With 3d printing the control that the screw gives is accuracy in step and positioning in .08 of a mm over a 300mm for C7 screws. that is without positional sensors on the steppers. that is the limitation of a the screw. Belt drive can not offer that, physical fact. using optimum or near optimum voltage reduces the current used and insures that the steps are registered by the motor. This in turn increases the acceleration that is poosible with a given drive that in turn allows the CAM to much more smoothly control the motion of the combined steppers (depending on the software used to drive it and the how far ahead the software has ability to look).

I appreciate the offer of information. Like I said, I have years experience in CNC and while there is some important points that are different when dealing with 3D printers, inertia is constant for given values. Which brings me back to the voltage issue as having the ability to get near or at proper voltage will directly increase the velocity and acceleration. Which when dealing with corners is extremely important (Lithophanes require rather high accelerations on the Z to make any reasonable production cycle possible).

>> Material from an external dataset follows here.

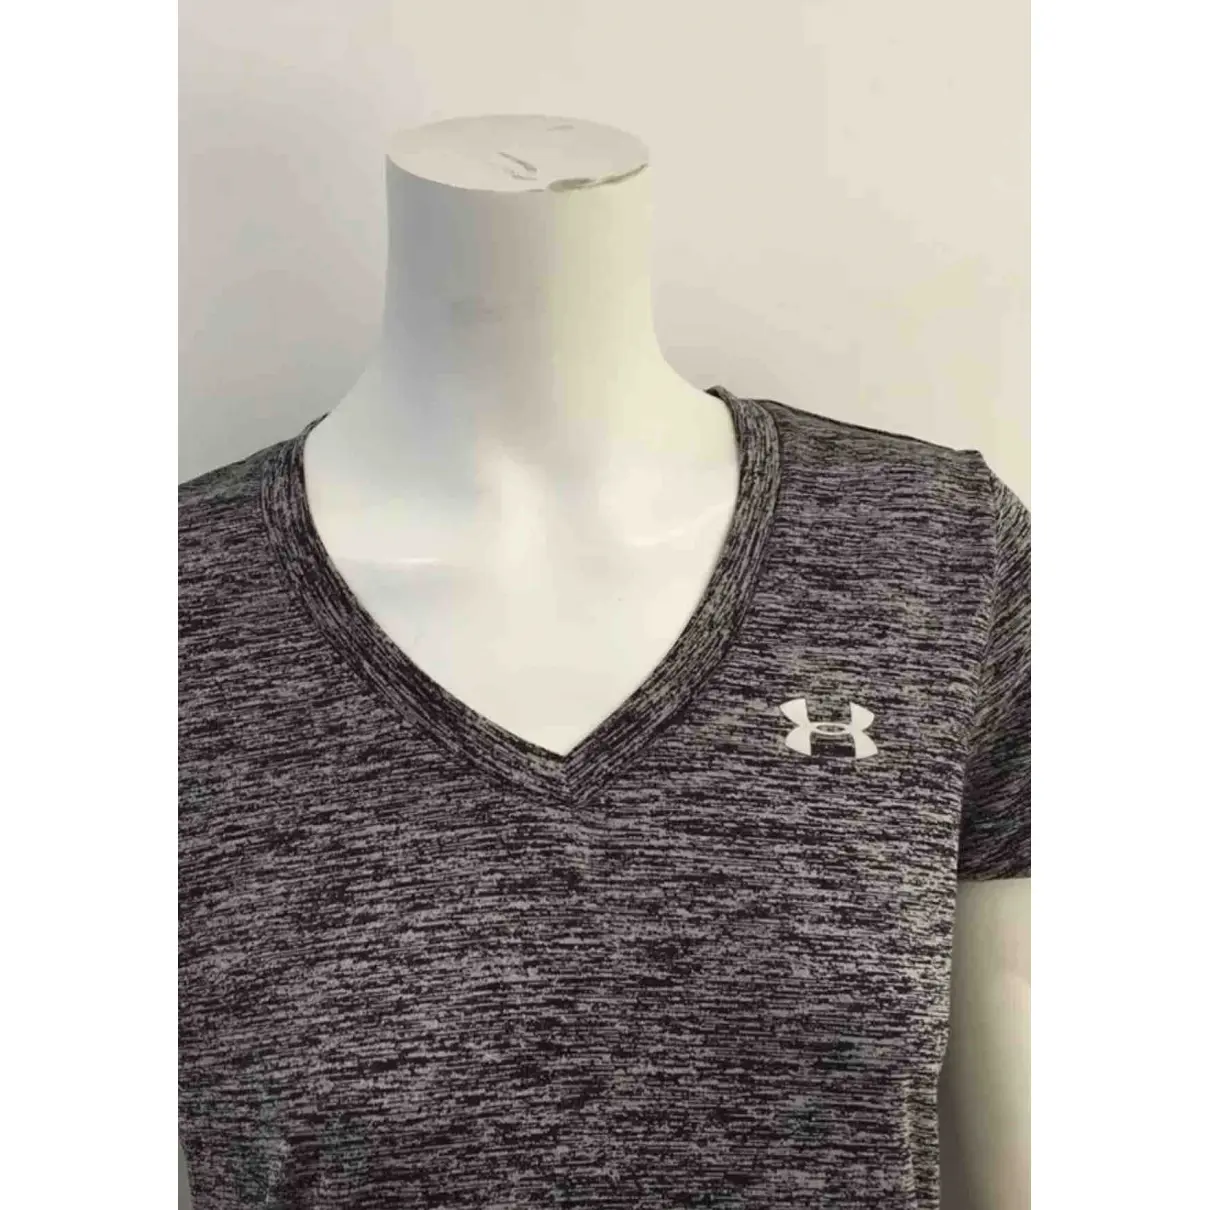 Buy Under Armour T-shirt online

Thanks for the input folks. Learned a good bit.

Most 3D printer deltas run 2-3 m/s^2 acceleration AND 20mm/s “jerk” at corners. (Not real physics jerk, it’s a poorly-chosen name.)That is an instantaneous commanded velocity change that requires the motor to “pull-in” to the new speed in less than about 10 milliseconds. Those jerks often require 10-30 m/s^2 accelerations for brief periods to avoid the motor losing sync. Normal CNC motion controllers simply don’t do that. It’s a unique quirk to 3D printer controllers derived from GRBL.

My estimate from your voltage and screw (doing math with some typical motor specs) is that your column carriages will be utterly maxed out with minimal torque at 200mm/s, and have to run at less than half of that to reliably handle jerks and avoid skipping steps. Which means your top practical end-effector speed might be ~120mm/s at bed center and 40mm/s at bed edge.